La situazione forse è ancora peggio rispetto alla questione della fame nel mondo. La differenza sta nel ruolo sempre più grande che il settore finanziario e le grandi corporations hanno assunto nella condotta degli affari mondiali. Si tratta di entità che non rispondono a nessuna “constituency”, il loro Dio è il denaro e per accumularne sempre di più tutto è lecito. Sono peggio delle mafie, perché queste ultime sono parassiti degli Stati, mentre finanza e corporations oramai dettano loro la legge agli Stati non più sovrani.
Questa e le prossime COP non potranno fare granché perché chi tira le fila del mondo sono sempre meno i governi, e sempre più quel mondo autoreferenziale del business e della finanza. Come l’abbiamo visto con il recente World Food Systems Summit, queste entità si stanno impossessando anche del sistema delle nazioni unite, rendendo ancora più vuote queste riunioni delle parti.

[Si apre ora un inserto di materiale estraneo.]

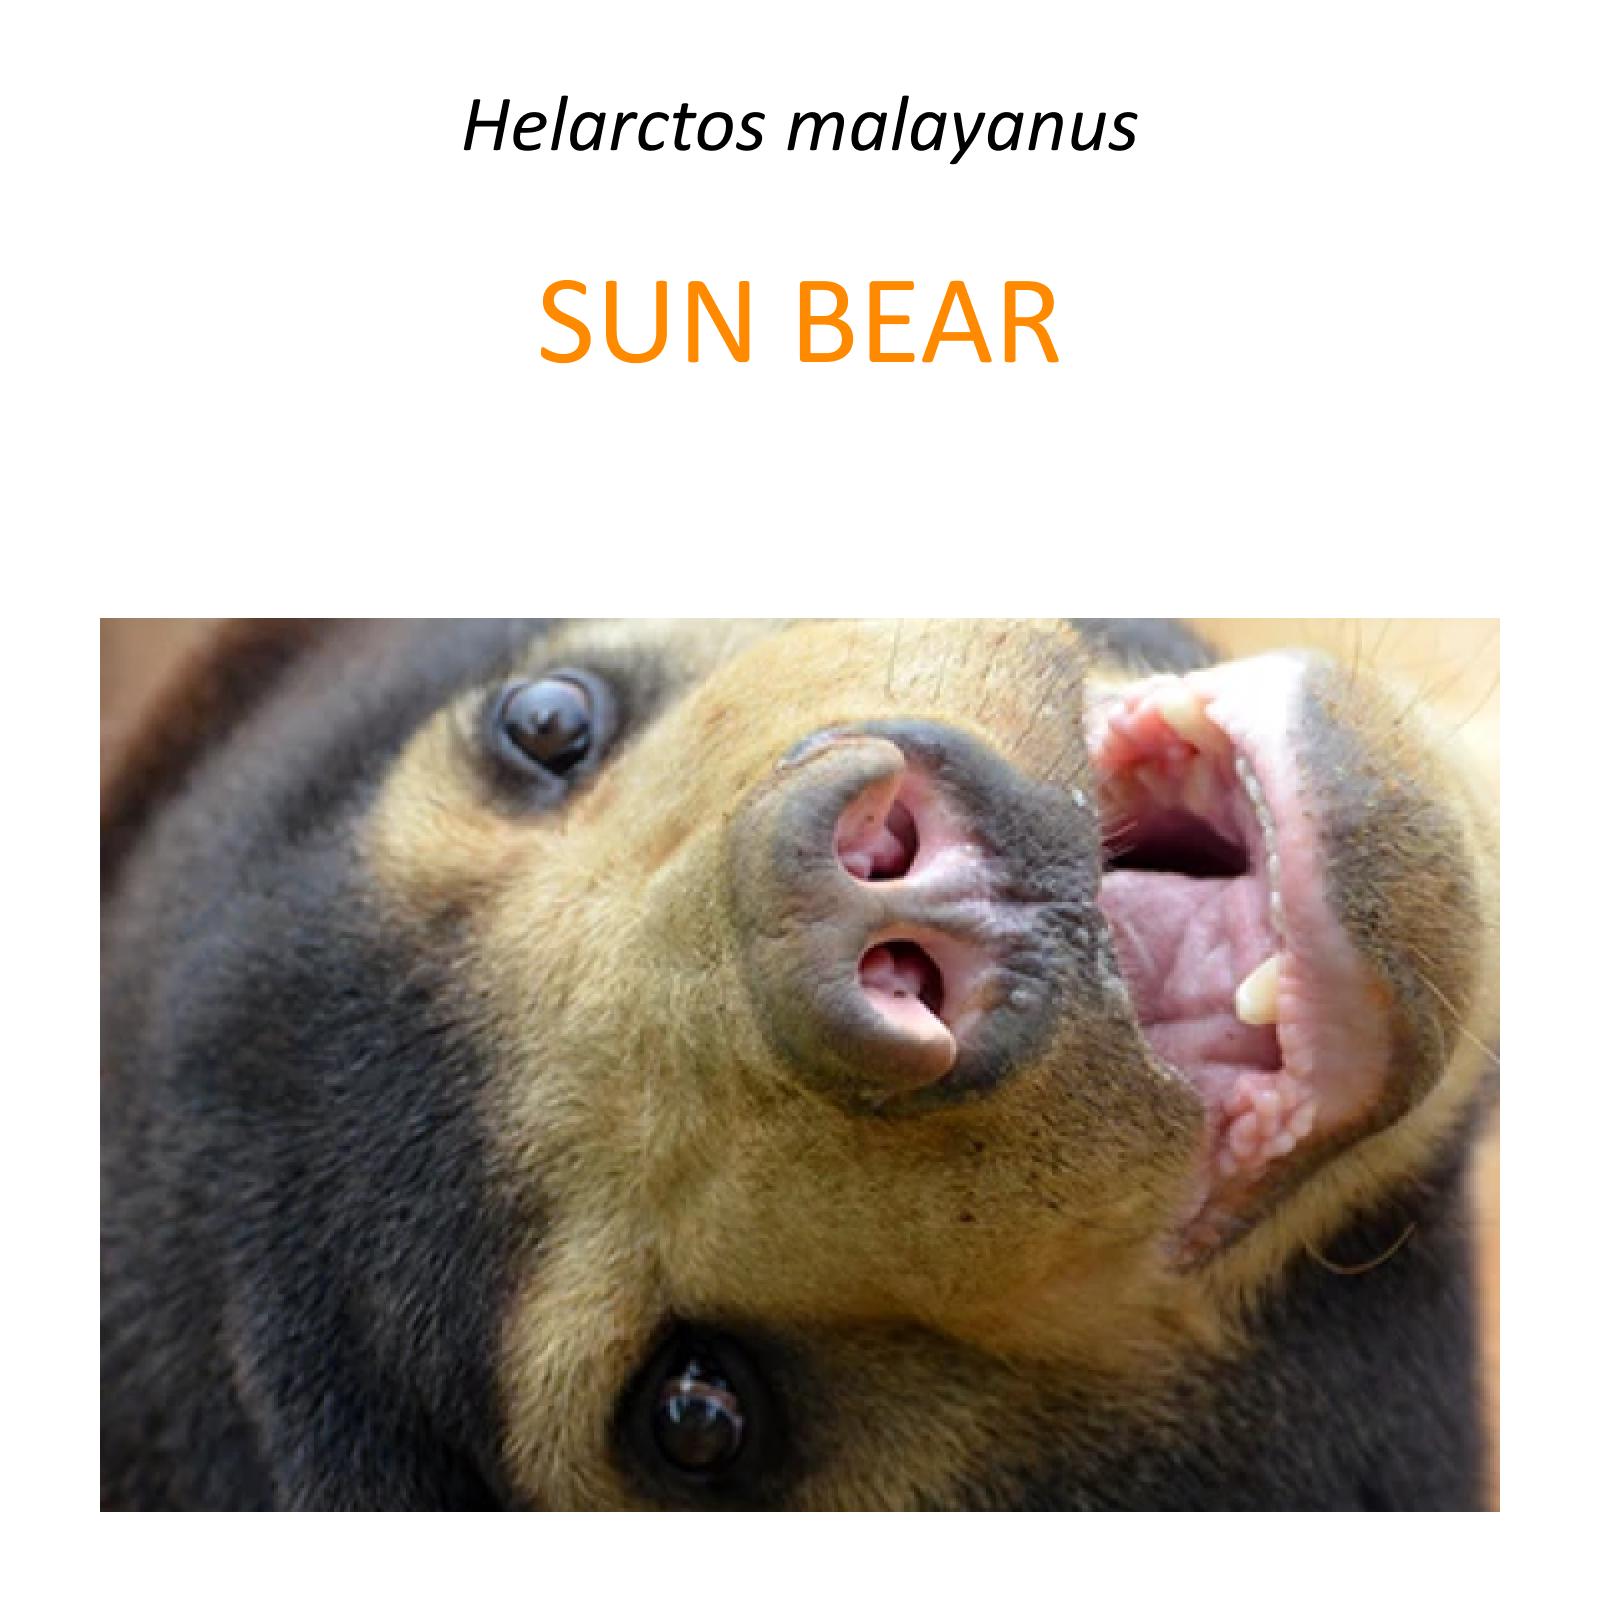 Sun bear rescue program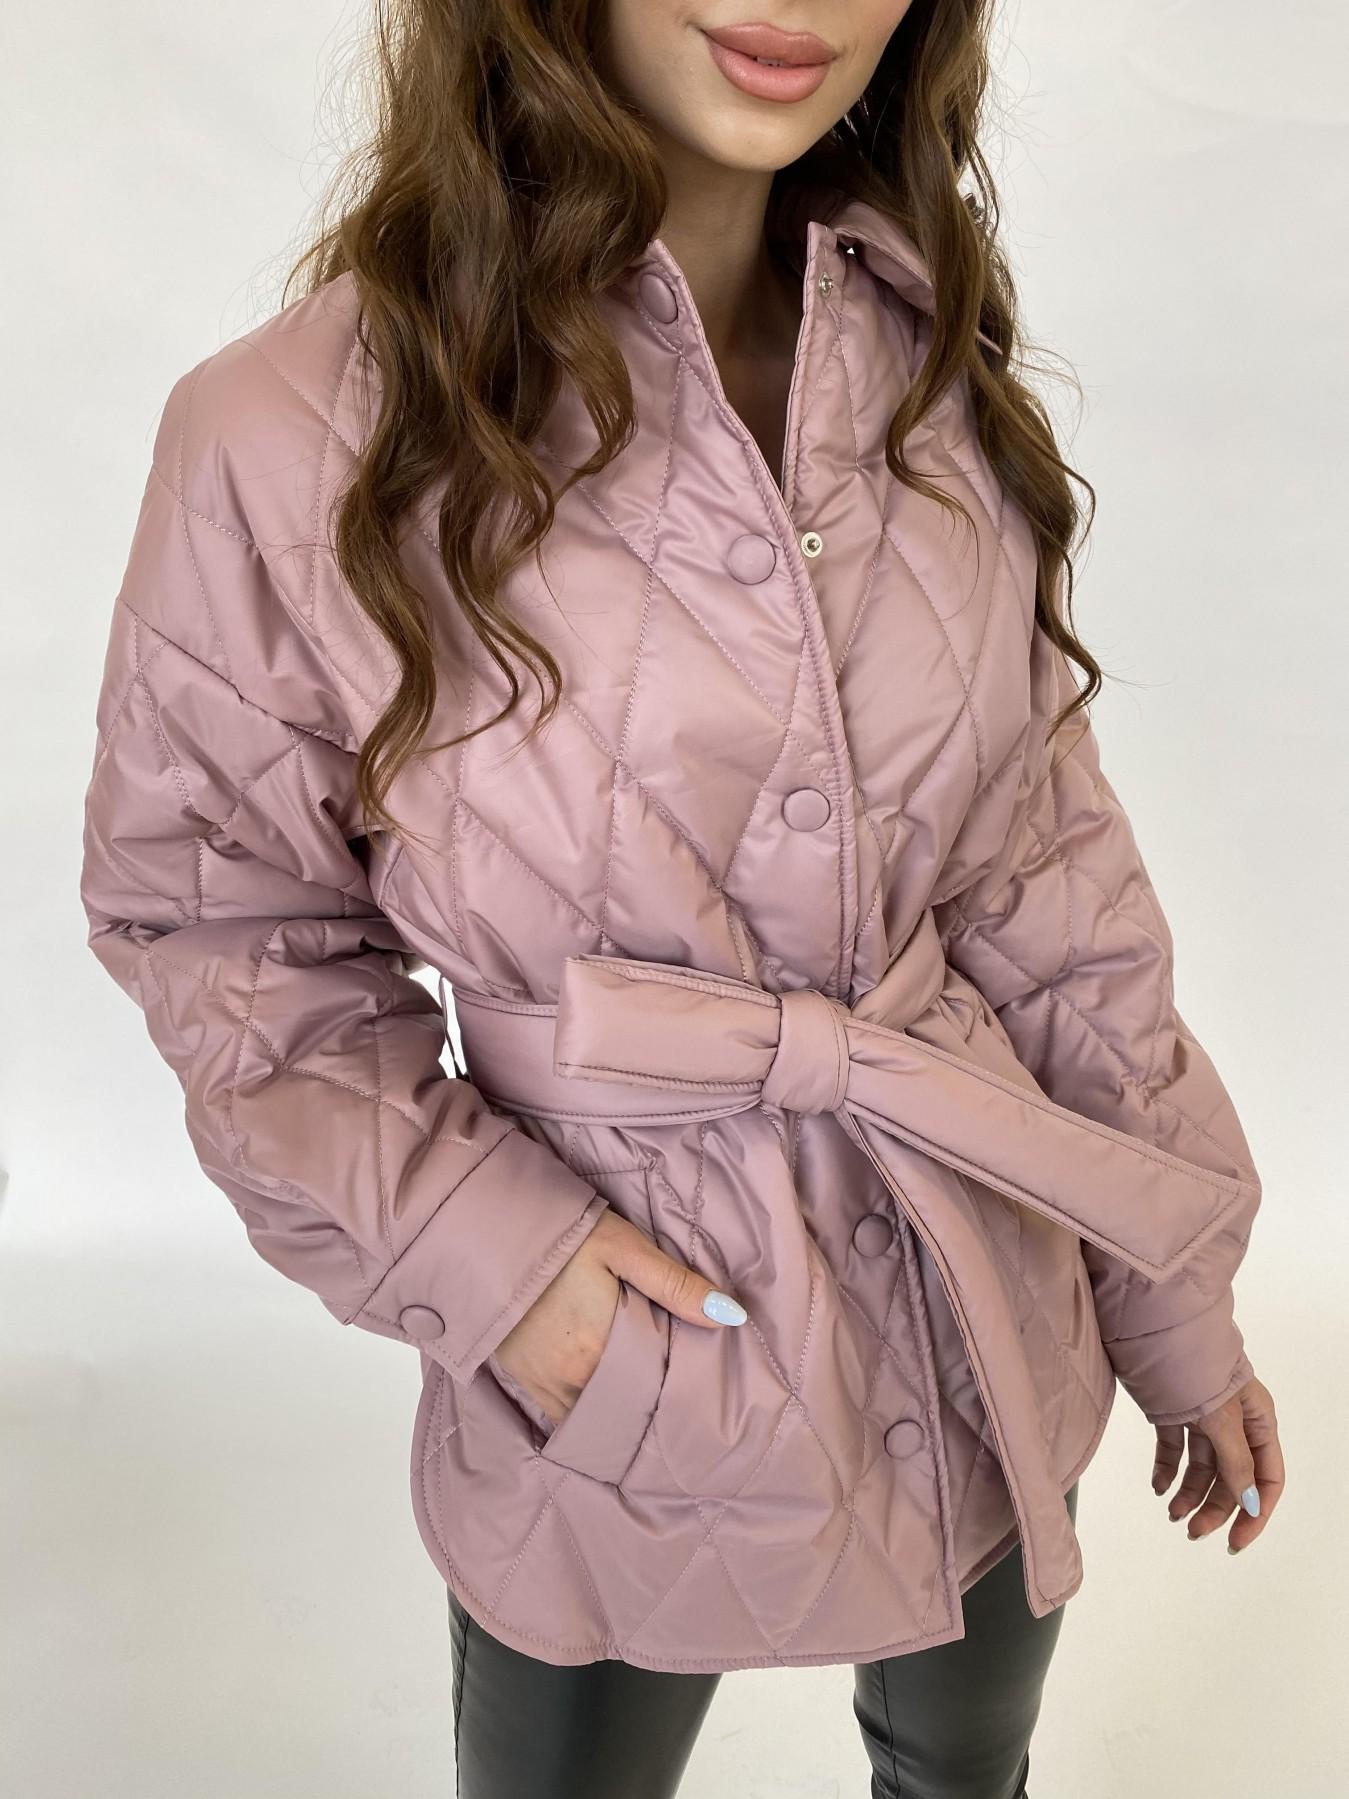 Моно  куртка из плащевой ткани Gloria 11081 АРТ. 47647 Цвет: Пудра - фото 6, интернет магазин tm-modus.ru

Vorrei tanto finire su una nota di speranza, ma la vedo dura oramai. Il fallimento della lotta alla fame, associato al fallimento della lotta contro la povertà (non l’estrema povertà così cara alla Banca mondiale, ma la povertà misurata con un reddito inferiore ai 10 dollari al giorno, 300 euro al mese, così inglobiamo i 2/3 dell’umanità), sono temi oramai dimenticati. Adesso il buzz è il riscaldamento globale, ma finché si continueranno a proporre le stesse ricette fallimentari, non ci resterà nemmeno la speranza.